America’s Long Quest to Form a More Perfect Union

America’s Long Quest to Form a More Perfect Union

It is little wonder that many Americans are left desperately holding on to prefabricated partisan viewpoints, unable or unwilling to examine the intricate contours and textures woven into the tapestry of the American experience.

 

The raging debate over teaching critical race theory (CRT) in schools is so infused with hyper-partisan and ideologically charged rhetoric that it is exceedingly difficult for most Americans to reach any rational conclusions about this controversial issue. Proponents argue that CRT merely affords students a clearer understanding of the lasting impact that slavery and racism have had on the course and conduct of the nation. Critics contend that critical race theory unfairly brands all U.S. institutions and white Americans as inherently racist. However, a reasoned discussion about the relative merits of teaching CRT requires understanding the multifaceted, inconsistent, but steadfast American commitment to form a more perfect union.  

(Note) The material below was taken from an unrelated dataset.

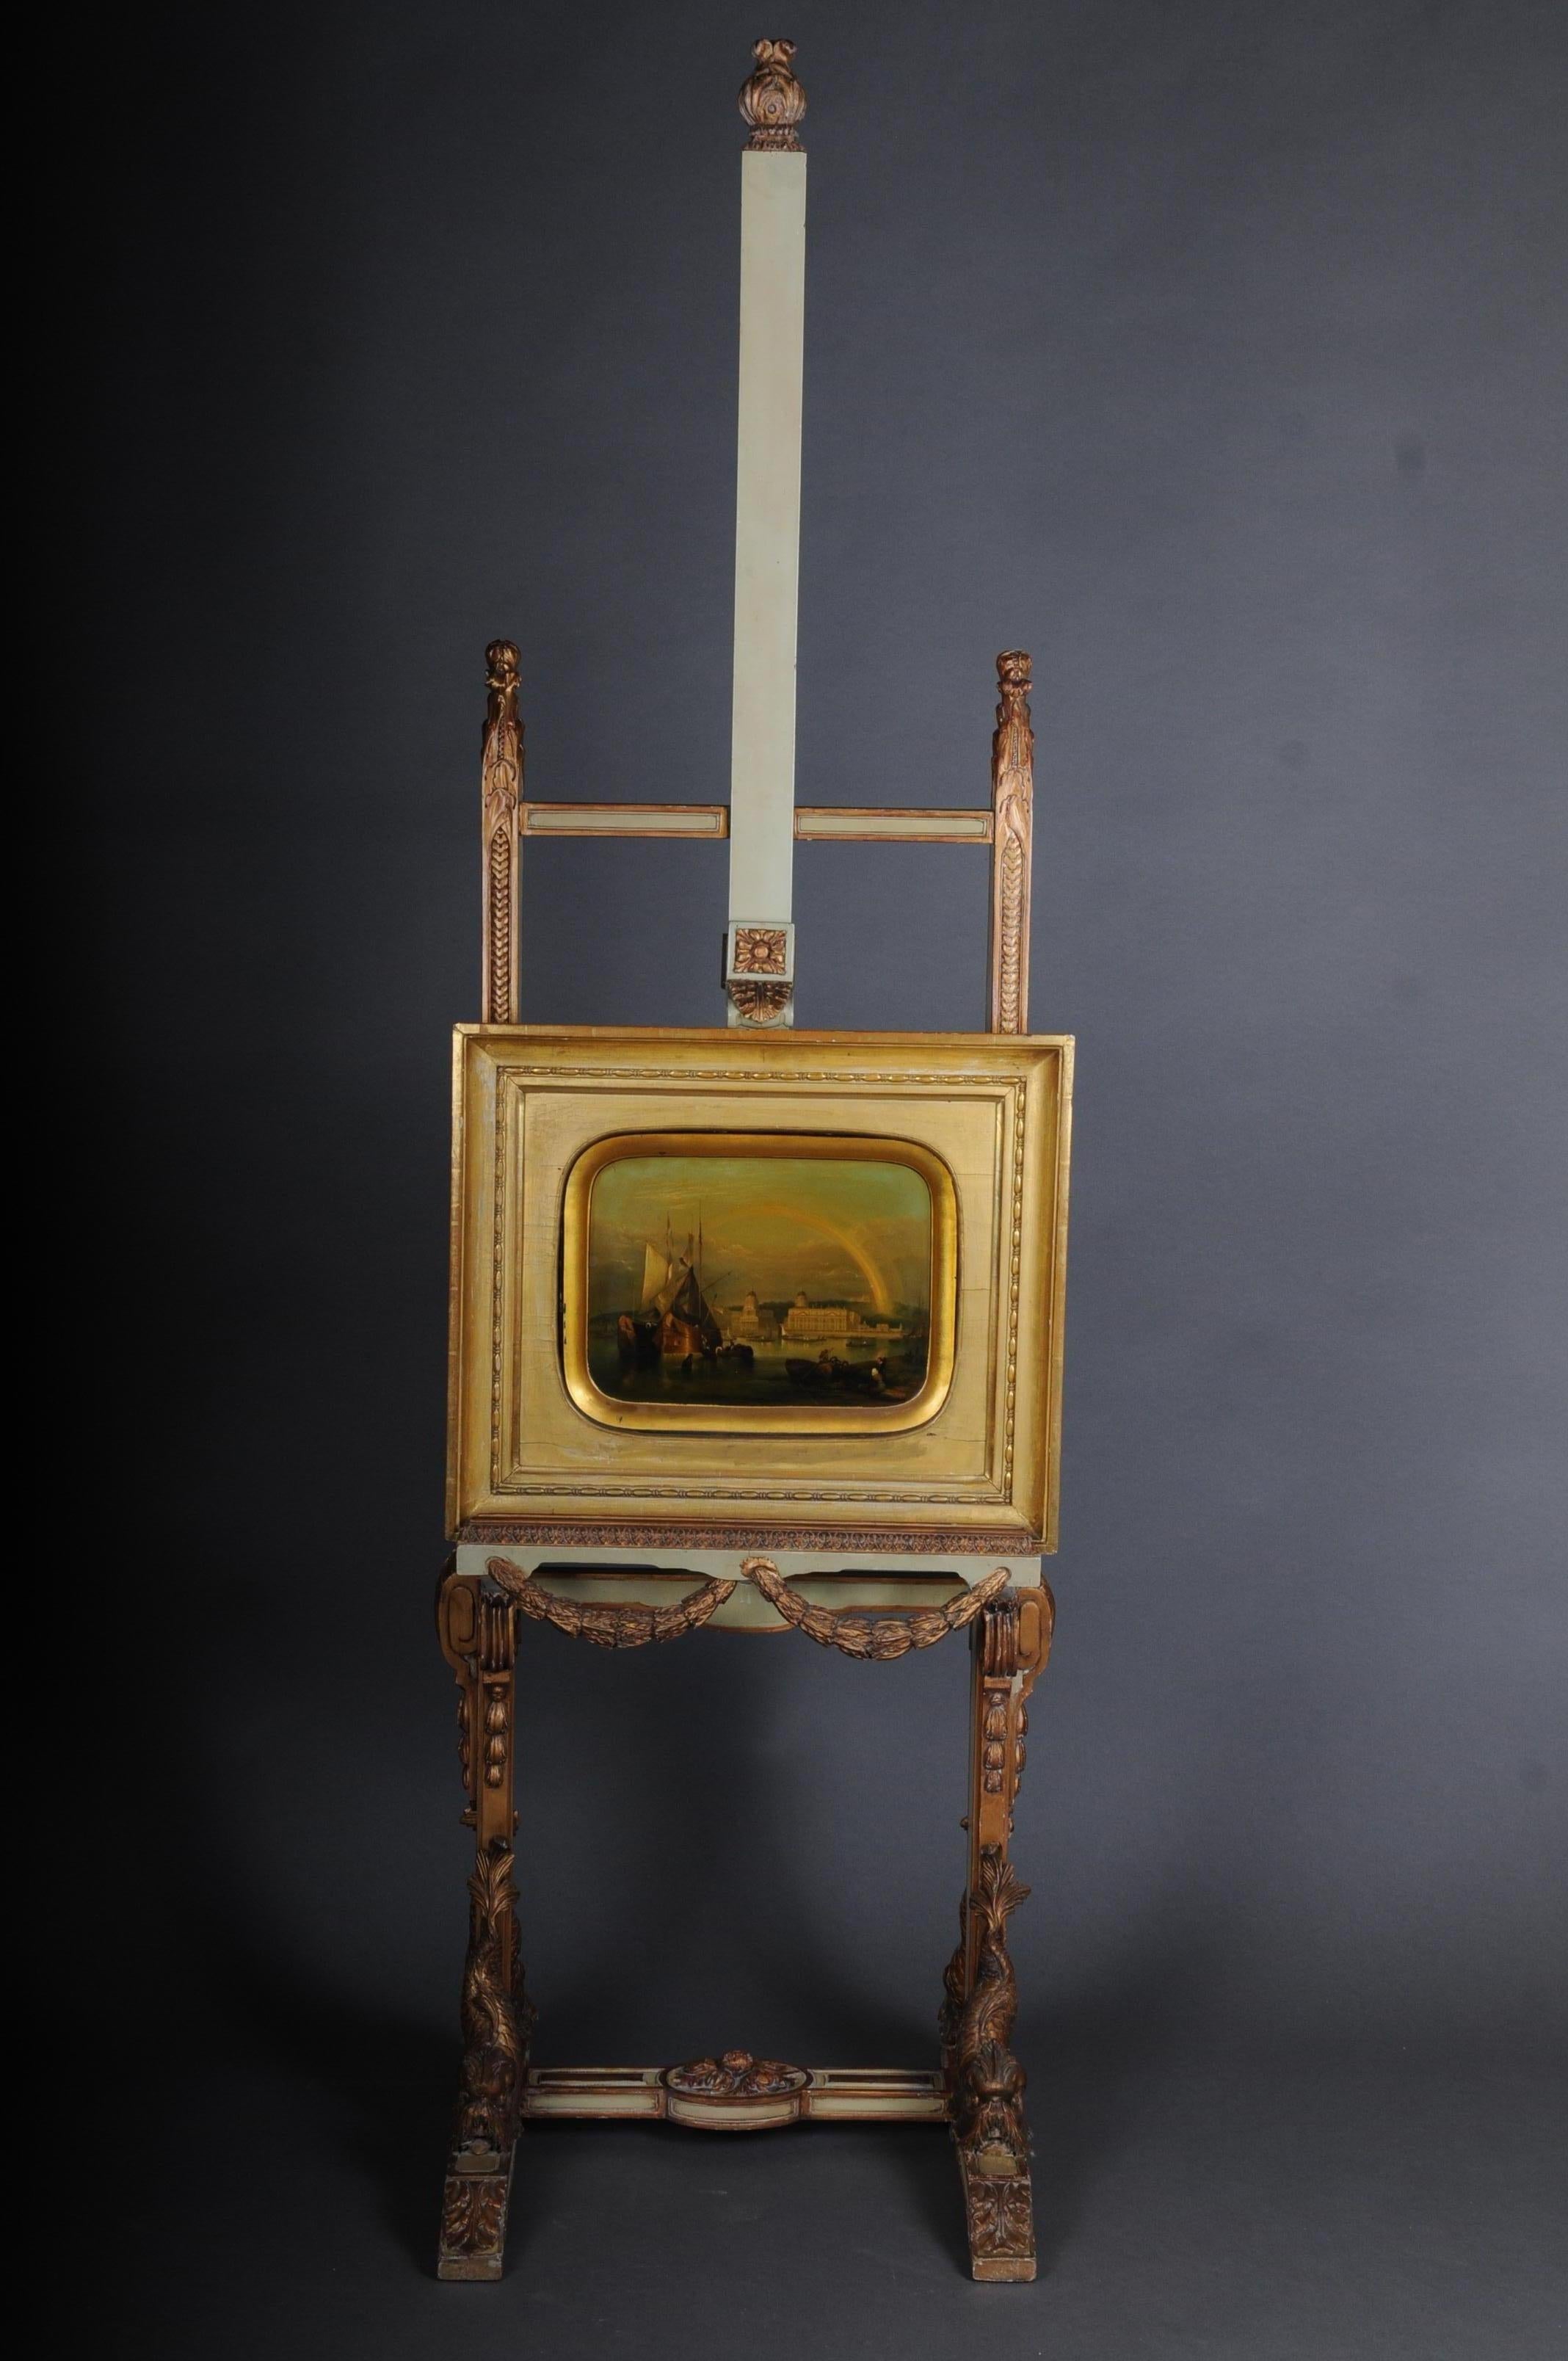 Antique easel with dolphins in Napoleon III, circa 1870

Solid beechwood body, hand carved. Richly ornamented and with 4 fully plastic, hand carved dolphins. Colored and gilded with poliment. Height-adjustable device up to a height of approximate

Regrettably, cable networks, social media and even most newspapers provide little help. The insatiable quest for larger audiences compels most media to recruit the usual array of political gladiators loaded with cunning soundbites meant to inflame and entertain. The divide and conquer strategy of the ideologues dominates the media arena while reasoned debate is the inevitable casualty of partisan combat. It is little wonder that many Americans are left desperately holding on to prefabricated partisan viewpoints, unable or unwilling to examine the intricate contours and textures woven into the tapestry of the American experience.    

Endeavoring to shed light and considerably less heat on the quarrel surrounding CRT’S educational value, a more balanced assessment of the controversy is necessary.  The goal is to take a path less trodden but perhaps more enlightening and less controversial.    

Three evident but necessary points should frame the discussion about teaching U.S. history. First, let’s begin with a basic fact to which everyone can agree. Slavery was and is a global phenomenon, not an American invention. Most historians believe that institutionalized slavery begins with the ancient Sumerians who lived in southern Mesopotamia, today’s Iraq. The practice of slavery followed the introduction of agriculture in the Neolithic period around eleven thousand years ago. Initially, slavery was less race-based and more a product of the fruits of war. Slavery became common in many parts of the world. Its widespread use was reinforced by the great empires of antiquity, with the Egyptian, Greek, and Roman Empires all actively exploiting slave labor and the trafficking of human beings.  It is important to note that the first African slaves were shipped by Spain to their colonies in the new world in 1526, well over a thousand years after the fall of the Roman Empire.  

Second, it is undeniable that slavery and racism played a cruel, enduring, and crucial role in U.S. history. Slavery predates the creation of the American colonies. Enslaved Africans were first brought to British colonial Virginia in 1619. This event is the reason why many critical race theorists—and the ballyhooed 1619 Project that was put together by staff of the New York Times—claim that 1619, not 1776, marks the true beginning of American history. CRT proponents correctly proclaim that racism and the enslavement of Black people were central to the social, political, and economic development of the American colonies. Just as it had in the old world, agriculture and the hunger for free labor led to the expansion of slavery in the new world. American colonies in the south relied on slave labor to satisfy the growing demand for cotton, tobacco, and other labor-intensive crops. In turn, the sale of African slaves enriched northern merchants, ensuring handsome profits to everyone who exploited human trafficking. It would take the civil war to bring a formal end to the “peculiar institution” of slavery in the United States.  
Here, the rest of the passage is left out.